7.3 Quick Sort (cont)

Quick Sort - The Facts!

Quick Sort is generally the best known sorting algorithm, but it has a serious limitation, which must be understood before using it in certain applications. What happens if we apply the qsort routine on the previous page to an already sorted array? This is certainly a case where we'd expect the performance to be quite good!
However, the first attempt to partition the problem into two problems will return an empty lower partition - the first element is the smallest. Thus the first partition call simply chops off one element and calls qsort for a partition with n-1 items! This happens a further n-2 times! Each partition call still requires O(n) operations - and we have generated O(n) such calls.
In the worst case, quicksort is an O(n2) algorithm!

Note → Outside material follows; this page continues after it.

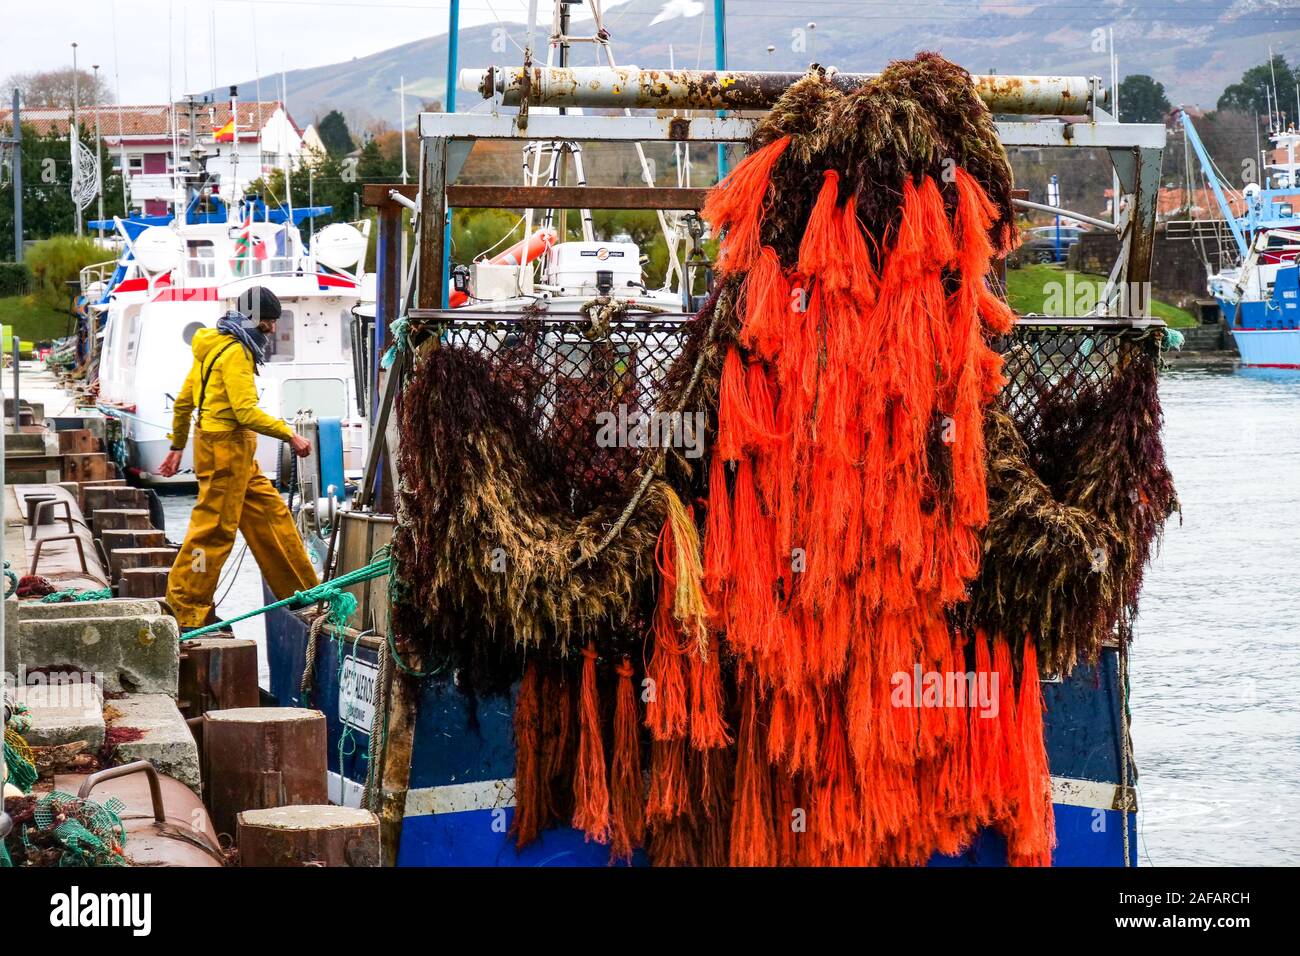 Lo scarico di alghe rosse, porto di pescatori di Saint Jean de Luz, Pyrénées-Atlantiques, Francia Foto Stock
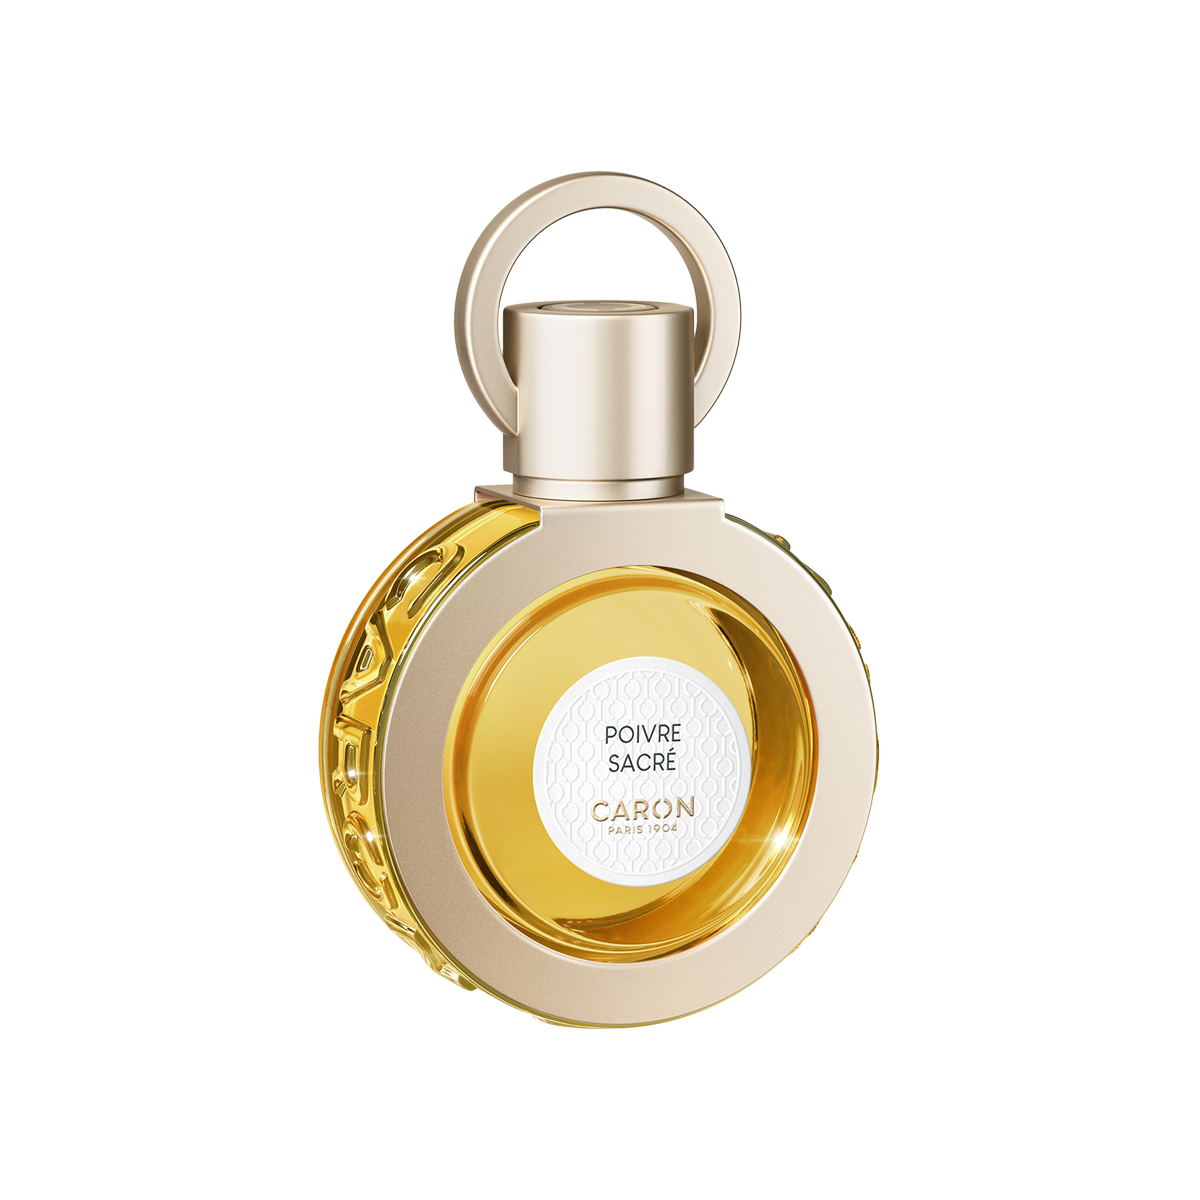 Caron - Poivre Sacre Eau de Parfum

Can we do anything about this?

A number of variations to the simple quicksort will generally produce better results: rather than choose the first item as the pivot, some other strategies work better.

Median-of-3 Pivot

For example, the median-of-3 pivot approach selects three candidate pivots and uses the median one. If the three pivots are chosen from the first, middle and last positions, then it is easy to see that for the already sorted array, this will produce an optimum result: each partition will be exactly half (±one element) of the problem and we will need exactly ceiling(logn) recursive calls.

Random pivot

Some qsort's will simply use a randomly chosen pivot. This also works fine for sorted arrays - on average the pivot will produce two equal sized partitions and there will be O(logn) of them.
However, whatever strategy we use for choosing the pivot,
it is possible to propose a pathological case
in which the problem is not divided equally at any partition stage. Thus quicksort must always be treated as potentially O(n2).

Why bother with quicksort then?

Heap sort is always O(nlog n): why not just use it?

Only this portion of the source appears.